An apology to my "naughty" toddler

Today I was struggling with being a heavily pregnant mum of a toddler. Nobody slept well last night, and I woke up nackered, headachey, nauseous and generally pretty crummy.
Unfortunately it is my 18 month old son who has really suffered today. A tired mama, has meant lazy parenting. Or perhaps not lazy, but negative parenting. He's been told no, been called a pickle, don't do that, stop, and even at one point ( I am ashamed to say) naughty.
It all starts to unravel, once you start saying no. Well in my house it does. My toddler laughs. He shrieks and runs. He rushes to repeat the "doot-doo-dat" activity or giggles as he repeats and shouts nah ah ah. The behaviour gets worse as a try to hold him still, and get him to listen to what I say. Or I become frustrated and try to up the ante, by making eye contact and explaining it is a no.

Let's be honest. My experience has shown me that saying no doesn't work. Getting cross with my baby, makes him respond by performing more negative behaviours.
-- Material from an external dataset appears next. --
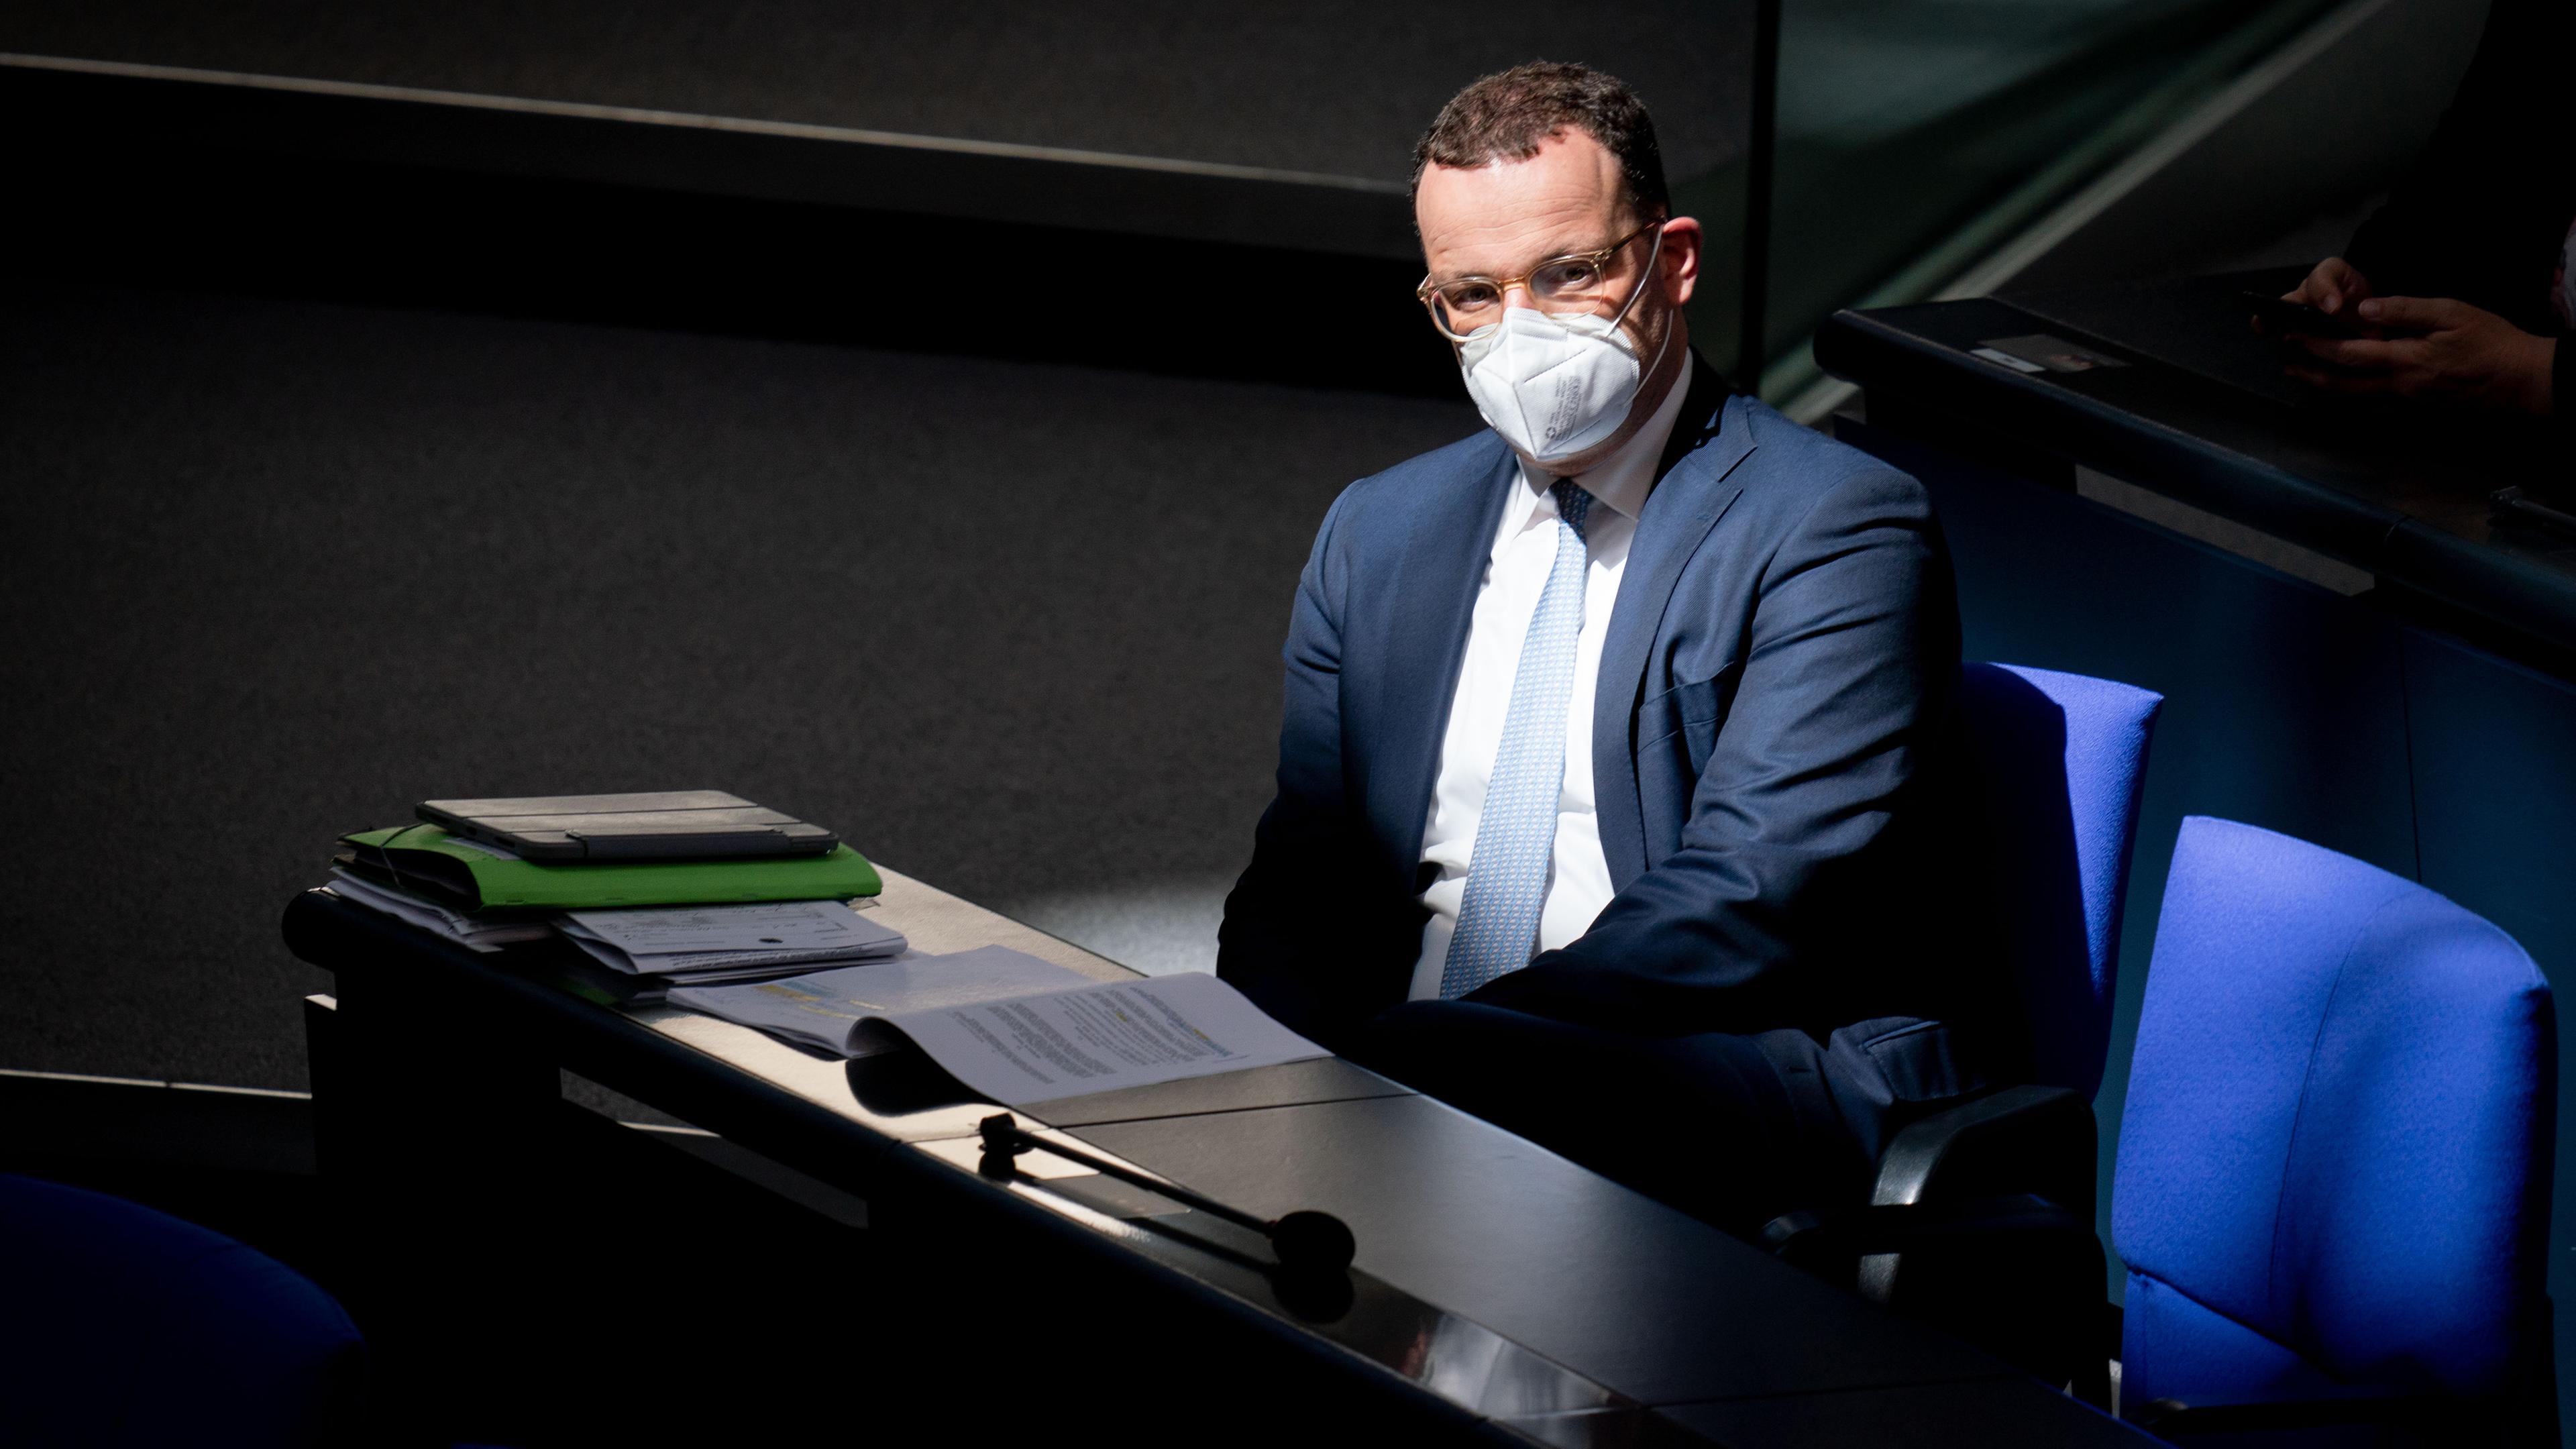 Archiv: Jens Spahn (CDU) sitzt mit eine Maske in einer Bundestagsitzung

I'm so deep in the trenches, feeling so sorry for myself, feeling so cross that I have to deal with this monster child solo- that I have temporarily become insane.

I'm not saying insane in the same way most people of my generation would casually describe a dress, or a party, or you know something not insane. But you know that saying that writers love to attribute to Einstein about how insanity is doing the same thing over and over and expecting different results.
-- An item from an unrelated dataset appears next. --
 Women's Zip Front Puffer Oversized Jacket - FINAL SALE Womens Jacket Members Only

As I Phsycology student I know that negative reinforcement (correcting bad behaviour or highlighting bad behaviour) doesn't work. One of the most controversial experiments into this had such long lasting effects on the participants it was dubbed "the monster study"

In other words calling a kids naughty, or telling them they behave badly, or are doing something bad reinforces the negative behaviour you are trying to correct.

I mean just think about it. How often have you met people convinced they can't do something or shouldn't follow their hearts based on something somebody said to them. Or conversly, people who perhaps think they are more gifted than they are, because of praise they've received.

Focusing on the positive is so powerful. I feel ashamed that I forget this sometimes in my parenting. Especially, when I think about how much easier days are when I am positive mummy. How I have an 18 month old, who with encouragement can put his own clothes away, rather than through them across the floor. Who if I sit to the table and eat a meal with, will sit and eat calmly rather than spit food all over the floor. Who would much rather play in the garden with mama, than running around the house trying to find things he's not allowed to get my attention.

So tonight as I nursed my toddler to sleep. I apologised. I told him that I was sorry for being cross. That he was a good boy. That I loved him. That I hadn't been kind.

After all tomorrow is another day.



  1. None of us are perfect and we all snap once in a while.

    Tomorrow, is indeed, another day.